Bontinkmolen

In het grensgebied van Kalken, Lokeren en Overmere stond tot in 1935 een houten korenwindmolen.
In 1665 was er een behuysde hofstede thenden de bontinckstr binnen de prochie van Calckene, gaende mette meulen gestaen thenden de zel(ve) straete op Lokeren. De molen stond op een molenberg en er was ook een rosmolen. De molen werd toen door de familie V(and)ermeere verkocht aan Pieter De Loire afkomstig uit Belsele.
In 1767 kwam het echtpaar Philippus Vergaelen - Isabella (Elisabetha) de Loire door contracte van uytgrootinge van 15 september 1767 voor de som van 2000 gulden in het bezit van twee zesden van de molen en de hofstede.

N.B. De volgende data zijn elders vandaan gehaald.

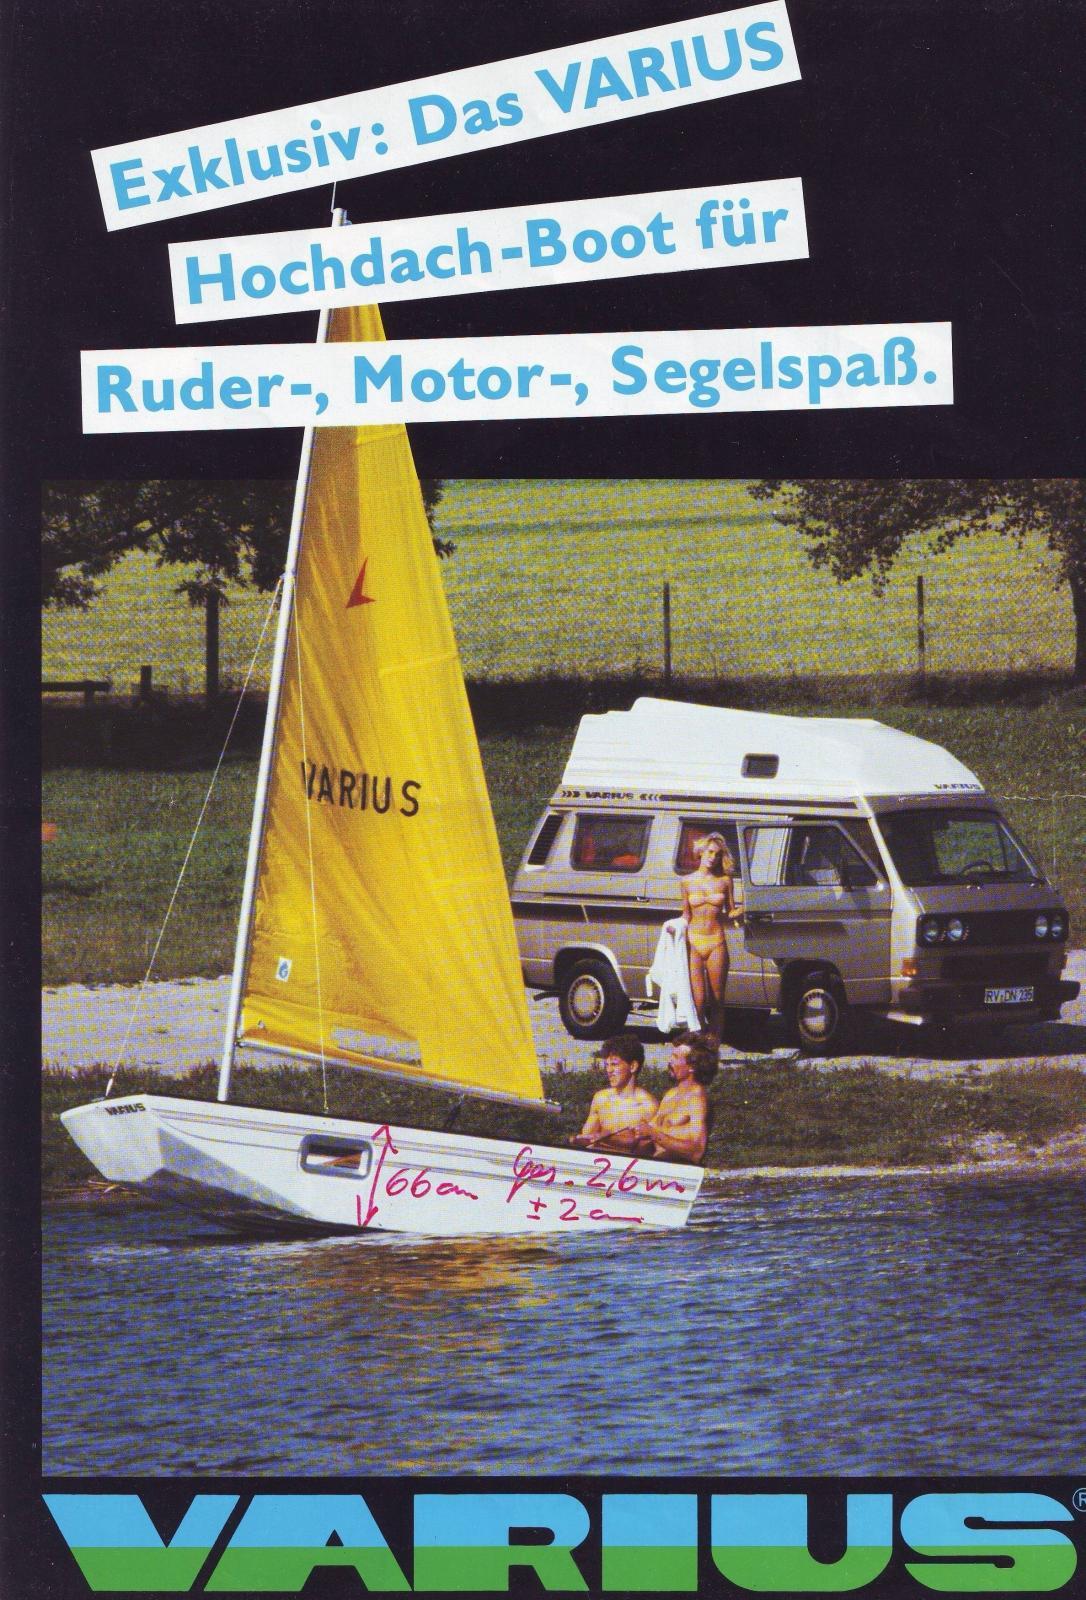 Varius Boat-top Camper

Ze hadden het deel van twee zusters van Isabella overgekocht: van Pieter Paelinck en zijn vrouw Marie Anna de Loire en van Pieter Jacobus Van Mossevelde en diens vrouw Joanna Marie de Loire. 

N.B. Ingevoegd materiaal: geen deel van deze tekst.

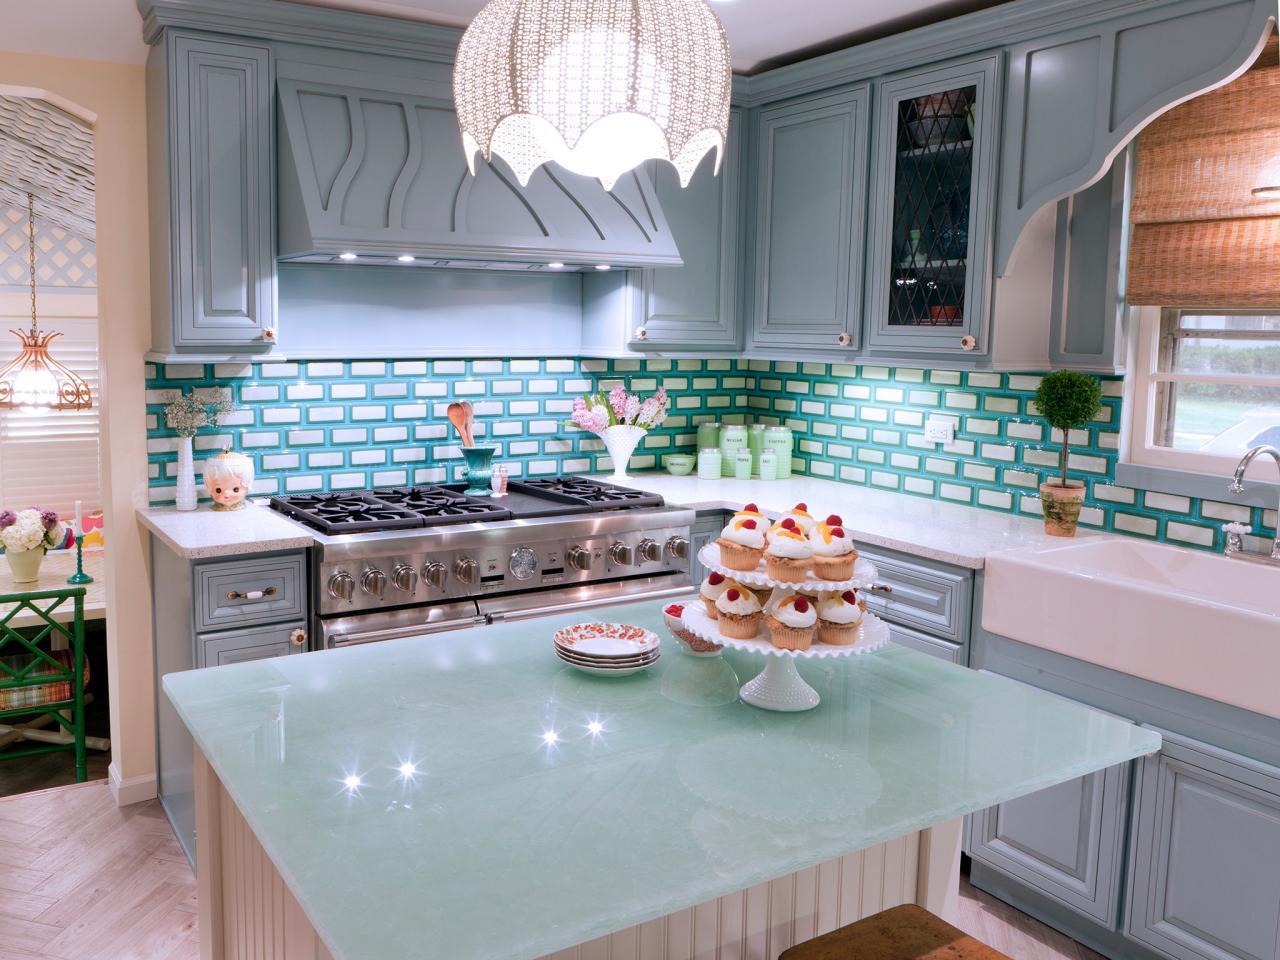 glas-køkken-countertops_s4x3-jpg-rend-hgtvcom-1280-960

In de Gazette van Gent van 12 en 16 februari 1778 werd de verkoop van de helft van de Bontingmolen aangekondigd: In de herberg Den Koning van Spagnien bij Jan Baptist van den Abbeele op de Grote Markt in Lokeren wordt op 4, 11, 18 en 25 februari en 11 maart 1778 verkocht de 112 van eenen Koorn- Wind en Rosmolen met den Berg, de Op- en Afrede, genaemd den Bontingmolen, gestaan in de Bontingstraat te Lokeren, alsmede een huis met schuur, stallingen en erf daarmede gaand, gestaan binnen de parochie Kalken, omtrent den genoemden molen.

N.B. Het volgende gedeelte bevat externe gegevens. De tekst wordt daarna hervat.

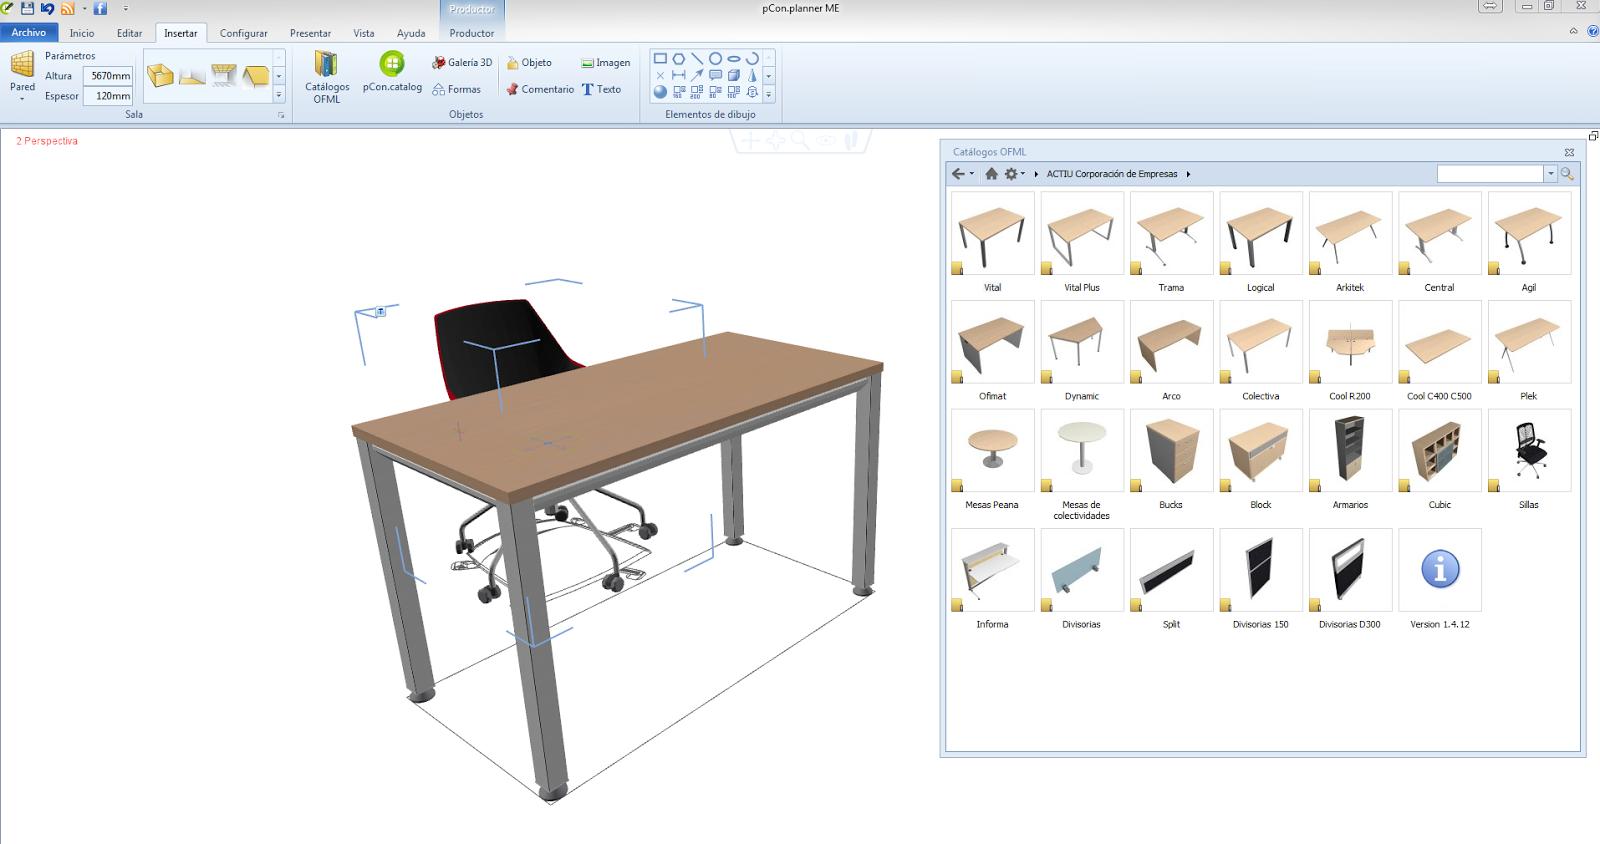 Gargon3d pcon planner dise o de interiores gratuito for Programa para hacer diseno de interiores

In de geschriften van de volkstelling van Kalken van 1796 stond Thobias Paelinck vermeld als vijftigjarige molenaar die sinds 1779 op het einde van de Bontinkstraat woonde. Het gezin Paelinck had in 1796 twee zonen en een dochter. De andere helft van de molen, of een deel van die helft, hoorde toe aan molenaar Philippus Vergaelen († 1781, Kalken, 66 j.), gehuwd met Isabella (Elisabetha) De Loore († 1795, Kalken, 69 j.). 
In 1796 bewoonden molenaars Guillielmus Vergaelen en diens broer Judocus en zuster Theresia, samen met inwonende knecht Jacobus Pieters (20 j.) een woning die bij de molen hoorde.
Bevolkingsregisters, kiezerslijsten en patentlijsten vermeldden er voor de periode vanaf 1830 Livinus Paelinck († 1849, 73 j. oud) als molenaar. Livinus was een eerste maal gehuwd met Coleta De Schaepdrijver († 1803, 40 j. oud), een tweede maal met Joanna Carolina De Maerschalck († 1835, 74 j. oud). 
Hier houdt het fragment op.